Back to Scotland, where Rishi Sunak is attending the Scottish Conservatives’ manifesto launch in Edinburgh. Leaving the ongoing betting scandal in London, the Prime Minister walked into another controversy – about the football. Before Sunak launched into his speech he made a point of agreeing with Scottish Tory leader and linesman Douglas Ross that Scotland should have been awarded a penalty in last night’s Euros match. It’s certainly one way to get the Scots on side…
The issue of oil and gas a key dividing line for the Scottish Tories, Sunak highlighted how the positions of other parties on new licences could cost jobs. Slamming Sir Keir’s Labour lot, the PM claimed that Starmer’s army would ‘rather virtue signal to eco-zealots than protect jobs here at home’. Moving quickly onto the SNP, Sunak claimed John Swinney’s Nats were the ‘great pretenders’ of the North East, putting ‘radical environmentalism ahead of pragmatism’.
‘Voting Reform risks letting the nationalists off the hook. Voting Reform risks letting the SNP slide in through the back door.’
Then the Prime Minister turned his guns on Reform. Nigel Farage’s party has seen its support grow by three points over the last month in Scotland. While in the rest of the UK, the Tory message has been ‘vote Reform, get Labour’, today Sunak told his Scottish audience: ‘Voting Reform risks letting the nationalists off the hook. Voting Reform risks letting the SNP slide in through the back door.’
Getting personal, the PM nodded to Farage’s recent Telegraph piece – in which the Reform leader suggested the West helped provoke Russia’s invasion of Ukraine. ‘You all heard what Nigel Farage said about Ukraine. That plays into Putin’s hands,’ Sunak told the crowd.

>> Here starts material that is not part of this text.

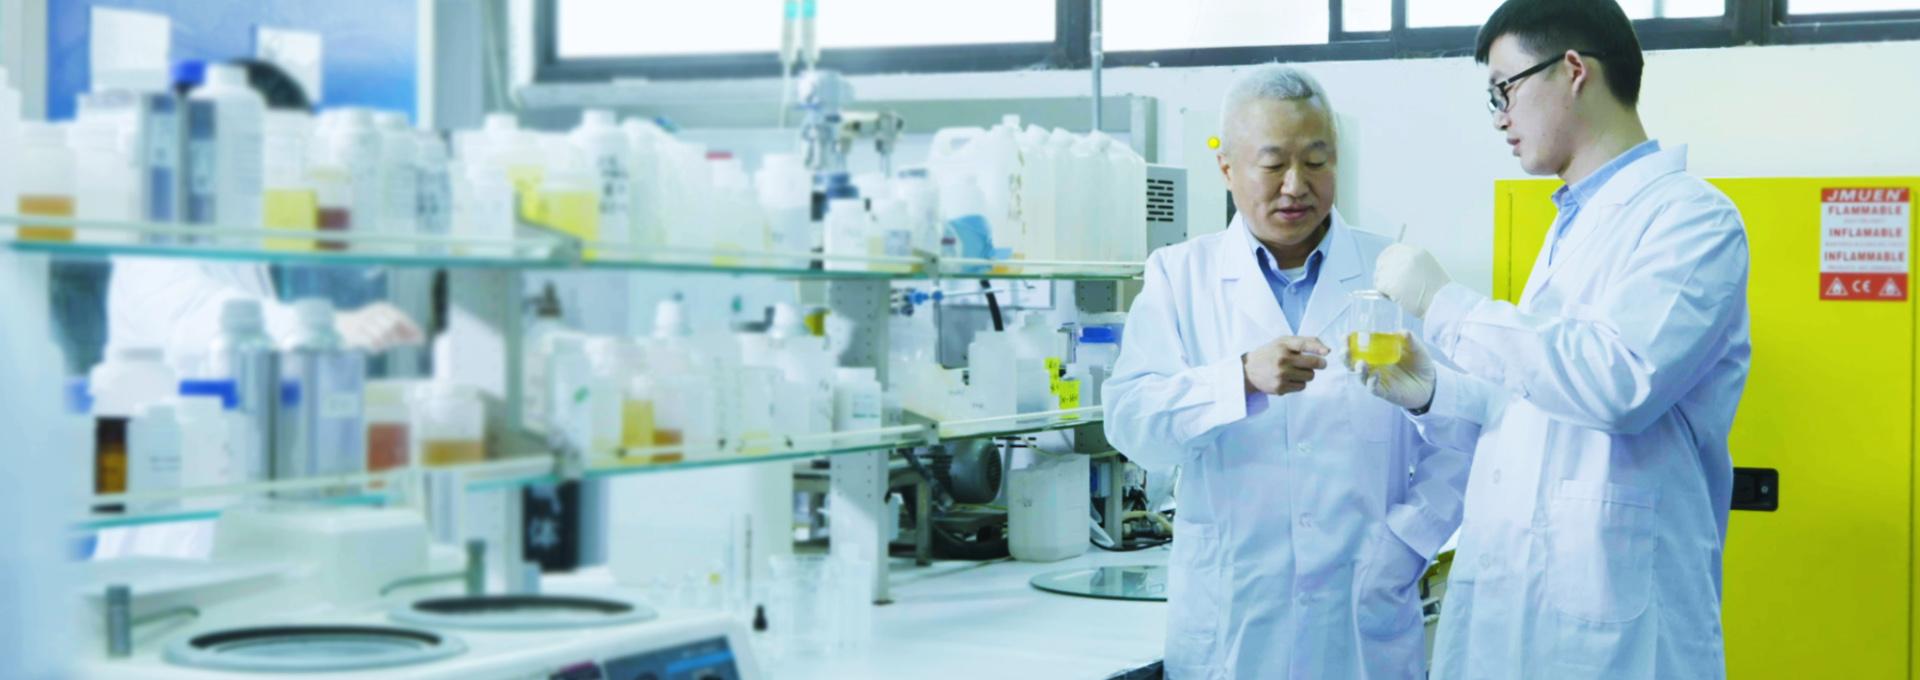 综合高分子材料方案解决商
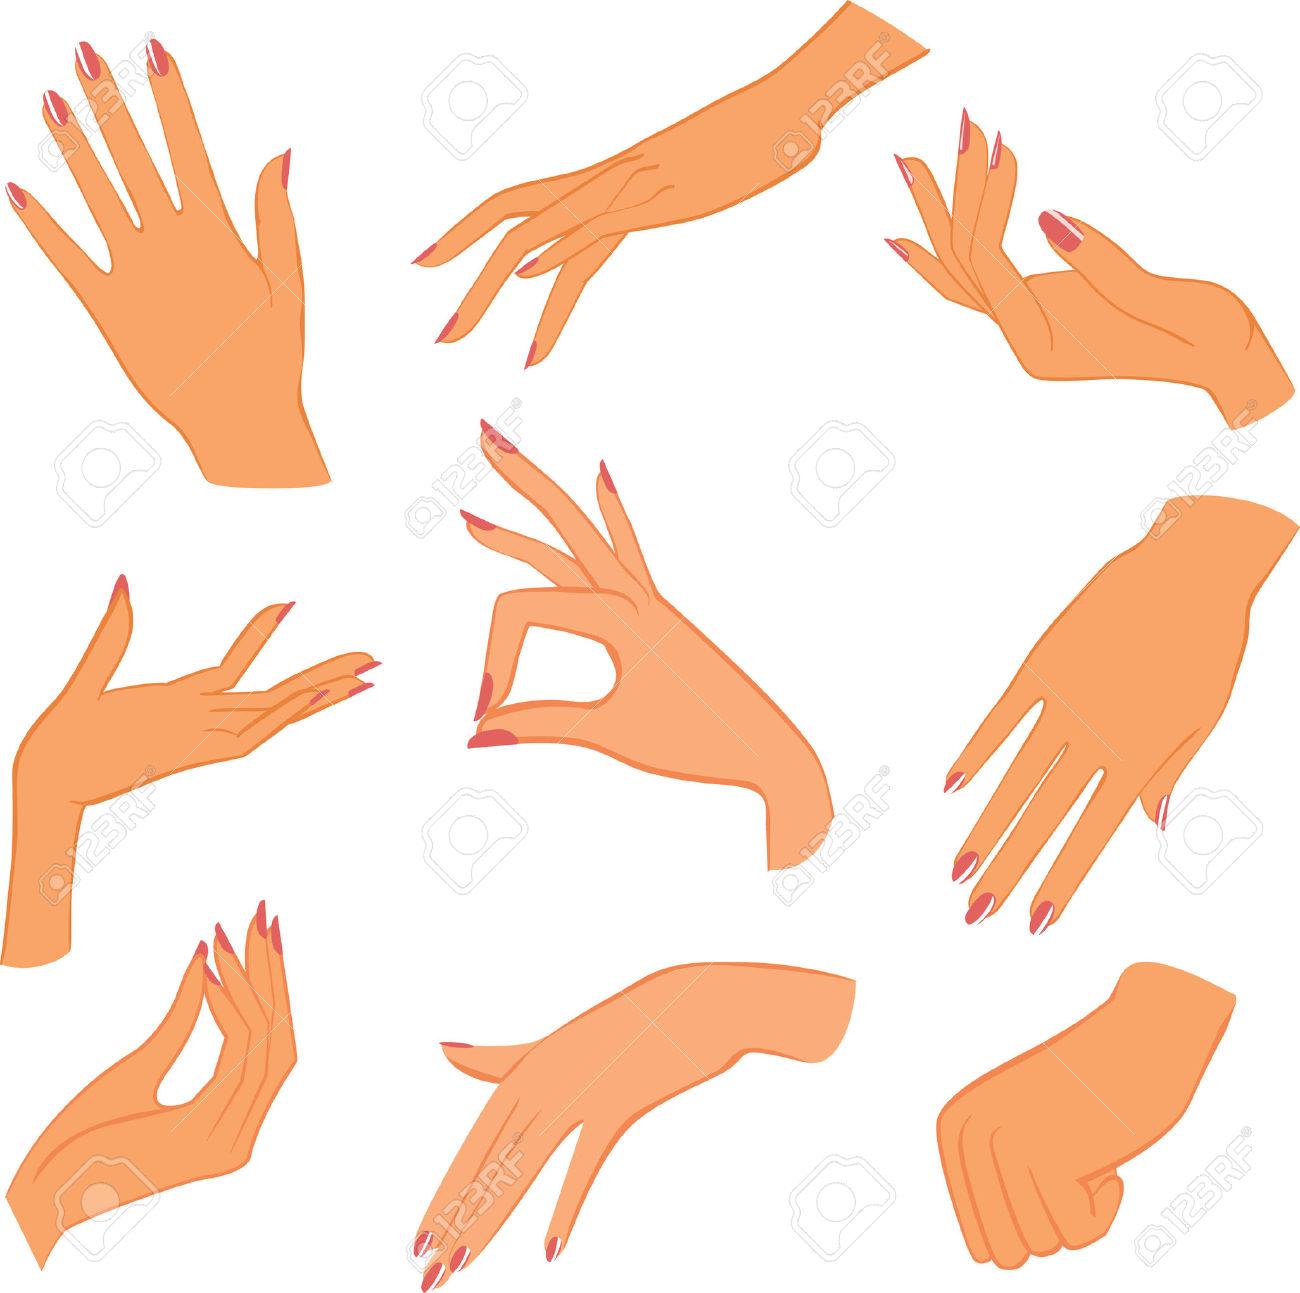 Nail Clipart at GetDrawings.com.

Sunak’s comments follow recent YouGov polling that reveals that since the middle of May, support for Reform in Scotland has increased to seven per cent, just six points below the Tories. And today, polling guru Sir John Curtice told Channel 4 that the hardest thing to predict ahead of this national poll is ‘how bad the defeat for the Conservatives will be’. Oh dear.
The main threat to the Conservatives in Scotland remains the SNP – but with only ten days to go until the general election, Sunak is desperate to fend off any and all rival parties. Will his message cut through? Stay tuned…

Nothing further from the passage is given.